This project is a clock with radio receivers which can receive the exact time from the GPS satellites or from the DCF77 transmitter.

This project is a clock with radio receivers which can receive the exact date and time from the DCF77 time signal transmitter or the UTC from the GPS satellites and display it on a 128x64 pixel graphic display. DCF77 transmitter and GPS is synchronized to an atomic clock. So basically this project can “connect to” an atomic clock.

This project is an open design: open hardware and open source software.

- receiving date and time from the DCF77 transmitter, decoding it, displaying it on a 128x64 pixel dotmatrix display
- receiving UTC from GPS satellites with a GPS module, displaying it on a 128x64 pixel dotmatrix display
- stand-alone date and time clock based on a real time clock (if radio signal reception is not possible)
- measuring and displaying temperature
- measuring and displaying battery voltage
- displaying SW version information
- simple menu system for configuration
- alarm function
- beep sound on button press

I built the project around a PIC microcontroller. The goal was during the micro selection is to have a low power consumption but yet powerful enough controller to decode the DCF77 and GPS signals and to drive the display. I also choose a type which I familiar with.

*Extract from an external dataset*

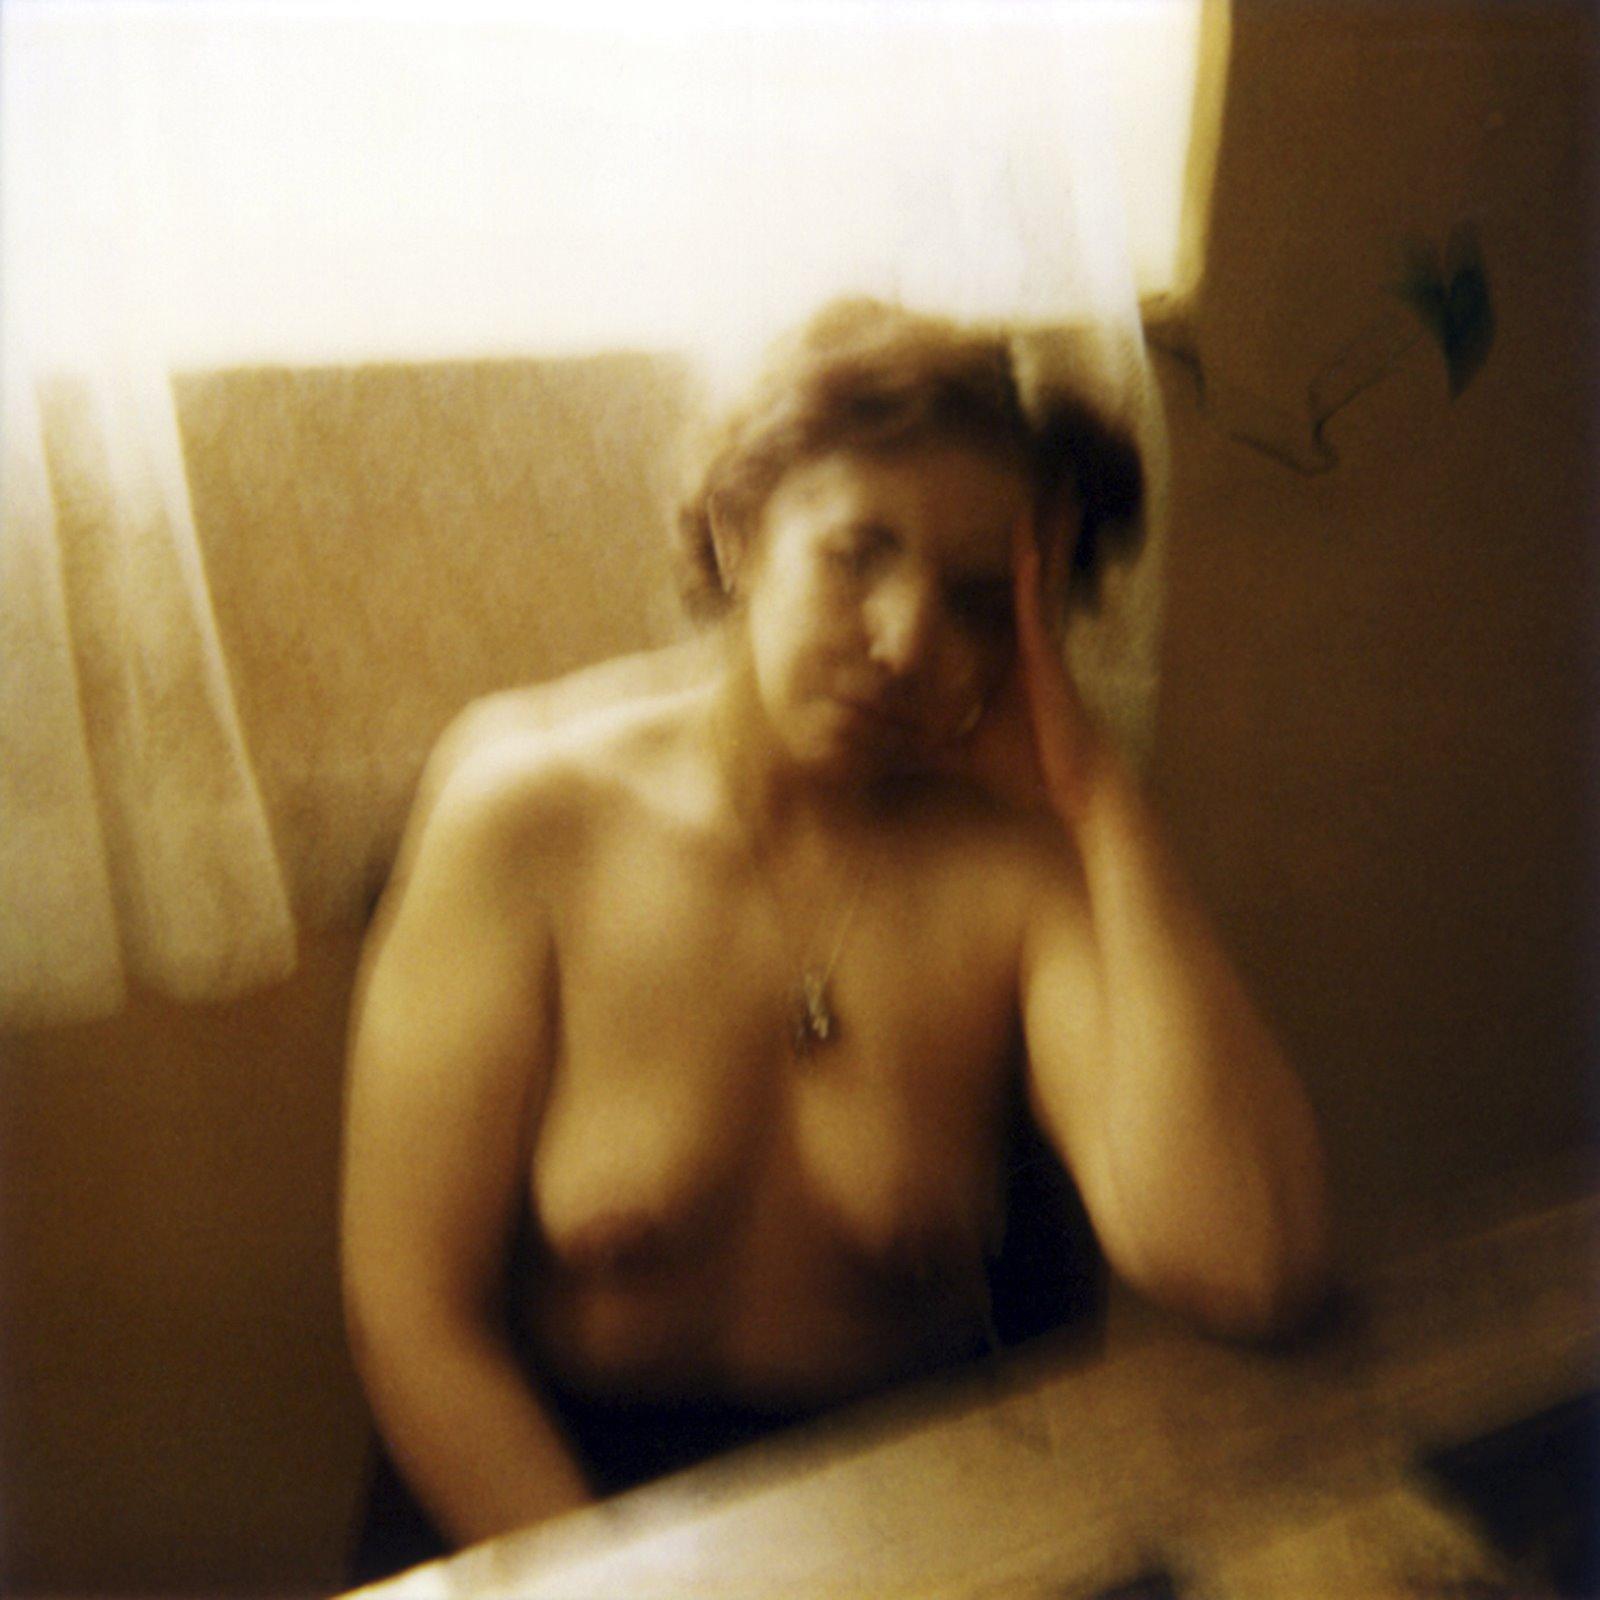 black girl butt holes nude

The display is a chip-on-glass type which can be powered from 3.3V. It can be controlled via a simple SPI protocol. Another advantage is that no mounting required, it can be simply soldered on the PCB, but i will use a header adapter so the display can be changed easily.

The LED backlight is powered with an NCP5005 boost driver. The clock will be running from 3 AA batteries. To decrease the power consumption the SW has to have some intelligence: dimming, or even switch off the backlight at certain time of the day.

I used a small 32768 kHz real time clock crystal, so the clock can remain relatively punctual even when no DCF77 or GPS reception is possible.

For temperature measurement an analog LM20 sensor is used.

In order to measure the output of the temperature sensor and the battery voltage accurately an LM4041 voltage reference is used.

Programming and debugging is performed with a PICkit3 programmer, so a header adapter is connected to the ICSP of the micro as programmer connector.

For powering the whole circuit 3 AA battery is used and a very low drop 3.3V voltage regulator.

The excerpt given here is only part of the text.